Il faut faire une distinction entre la question de l’allocation optimale des ressources et celle de leur distribution équitable. En général, dans l’analyse économique, on commence par examiner les conditions de l’allocation optimale, et ensuite seulement on envisagera les modifications permettant d’atteindre des objectifs sociaux. Par exemple, on déterminera tout d’abord les tarifs de l’eau ou de l’électricité permettant d’atteindre l’allocation optimale; seulement ensuite, on examinera comment corriger ces tarifs afin de réaliser les objectifs de politique sociale (tout en minimisant les distorsions dans l’allocation des ressources).

Il convient aussi de faire la distinction entre approche positive et normative.

Plusieurs malentendus dans l’analyse économique proviennent du manque de clarté à cet égard. L’approche positive essaye d’expliquer, voire de prévoir, certains phénomènes ; l’approche normative, en revanche, cherche à donner des indications de politique économique (“ce qu’il faudrait faire”).

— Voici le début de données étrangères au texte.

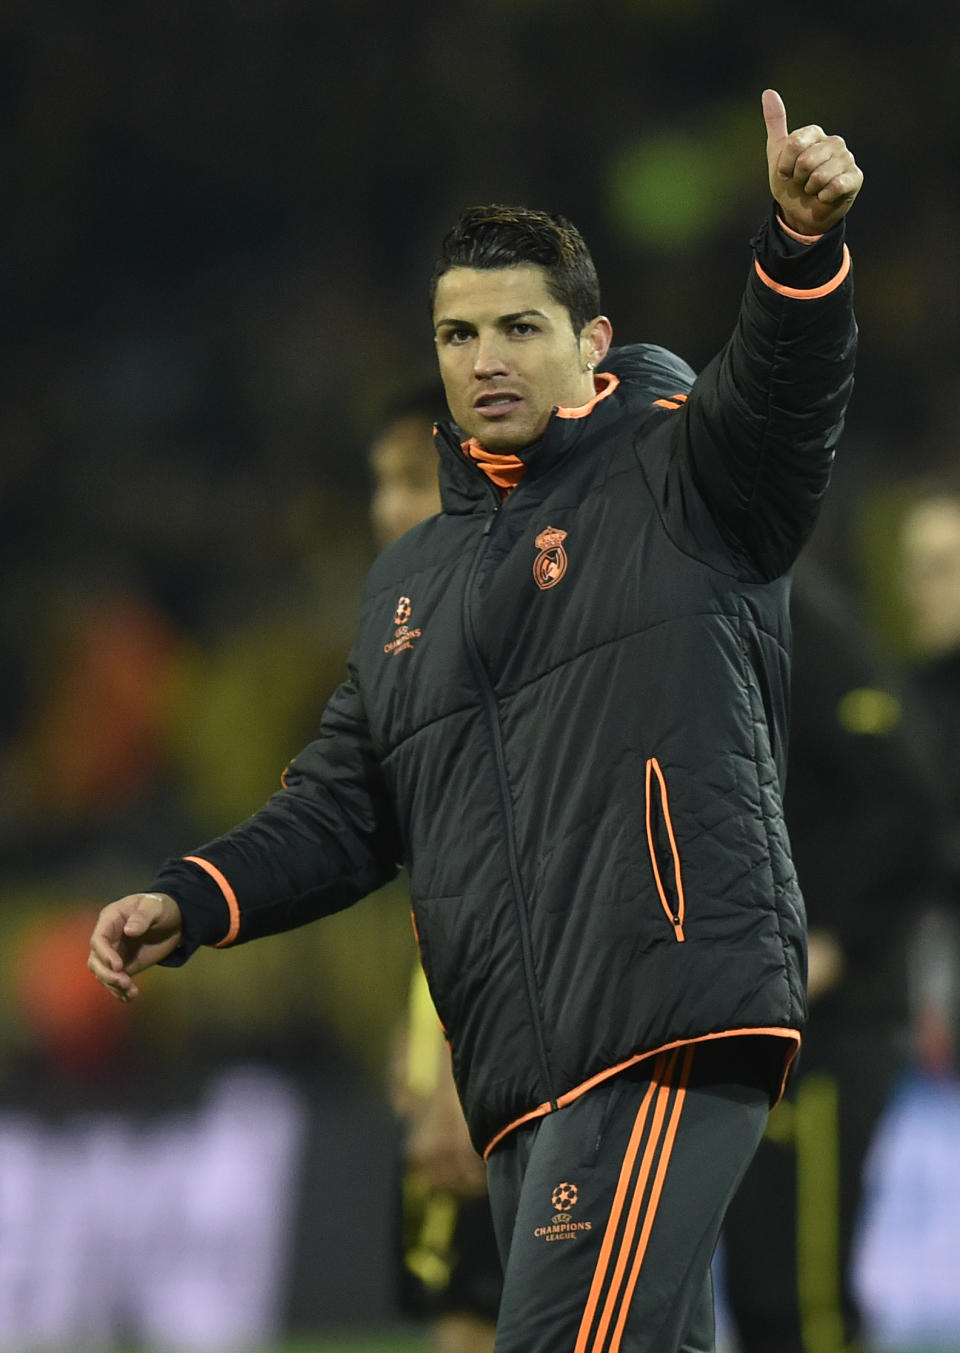 Real's Cristiano Ronaldo waves to his supporters at the end of the the Champions League quarterfinal second leg soccer match between Borussia Dortmund and Real Madrid in the Signal Iduna stadium in Dortmund, Germany, Tuesday, April 8, 2014. (AP Photo/Martin Meissner)

Nous verrons que dans certains cas, le marché peut offrir des solutions efficaces à la gestion du risque, qui est étroitement liée au problème de l’allocation des ressources et de la distribution des revenus. L’assurance incendie, par exemple, permet de répartir le risque et en principe, par le biais de la prime, d’inciter l’assuré à adopter un certain nombre de mesures préventives. En revanche, de

nombreux risques majeurs sont seulement partiellement couverts par les assurances. C’est le cas du risque d’accident nucléaire ou, de plus en plus fréquemment, de catastrophe naturelle. Si l’Etat crée un système de couverture de ces risques, il transfère le fardeau du risque sur les épaules du contribuable.

Dans le cas contraire, les populations concernées ne bénéficieront d’aucune couverture et, en cas de catastrophe, pourront tout au plus compter sur l’aide volontaire des organisations humanitaires. Il se peut toutefois que l’activité génératrice du risque soit abandonnée, ou que des mesures soient appliquées en vue de mitiger, voire de prévenir, la catastrophe.

3.1.2 Risque

En général, les sciences économiques définissent le risque comme le produit de la probabilité d’un événement et de ses effets exprimés en termes monétaires.

On trouve beaucoup plus rarement la définition du risque comme étant le produit du hasard, de la vulnérabilité et de la valeur (cf. les sciences de la terre). Pour estimer la probabilité et les effets d’un événement, l’économiste doit souvent recourir aux experts d’autres disciplines. Le concept d’attitude envers le risque (neutre, risquophobe ou risquophile) revêt une importance fondamentale dans l’analyse économique. En revanche, le problème de la perception du risque de la part des agents économiques, bien que reconnu, n’a pas encore été véritablement intégré dans la théorie économique, sans oublier le fait que la sociologie et la psychologie sont probablement mieux “équipées”

pour traiter ces questions.

La gestion du risque occupe une part très importante dans les sciences économiques. Plus loin, nous fournirons quelques points de repères concernant les assurances, le marché boursier et la taxation. Ces institutions, permettant la répartition du risque, facilitent la réalisation d’innombrables activités économiques. Henry Ford affirmait que les vrais bâtisseurs des gratte-ciel de New York étaient les assureurs1. Les mesures de prévention du risque comportent des investissements plus ou moins importants. Pour évaluer leur rentabilité économique et sociale, on peut effectuer des analyses coûts-bénéfices. L’objectif est de prendre en considération l’ensemble des coûts et des bénéfices, directs et indirects, engendrés par un ou plusieurs projets d’investissement. La difficulté majeure, dans cette approche, réside dans la quantification en termes monétaires des coûts et des bénéfices non-marchands (par exemple, l’évaluation du coût de la pollution d’une rivière ou de la valeur de la vie humaine).

1 Cité par Gollier in Gollier et Bourguignon, 1994, p. 133.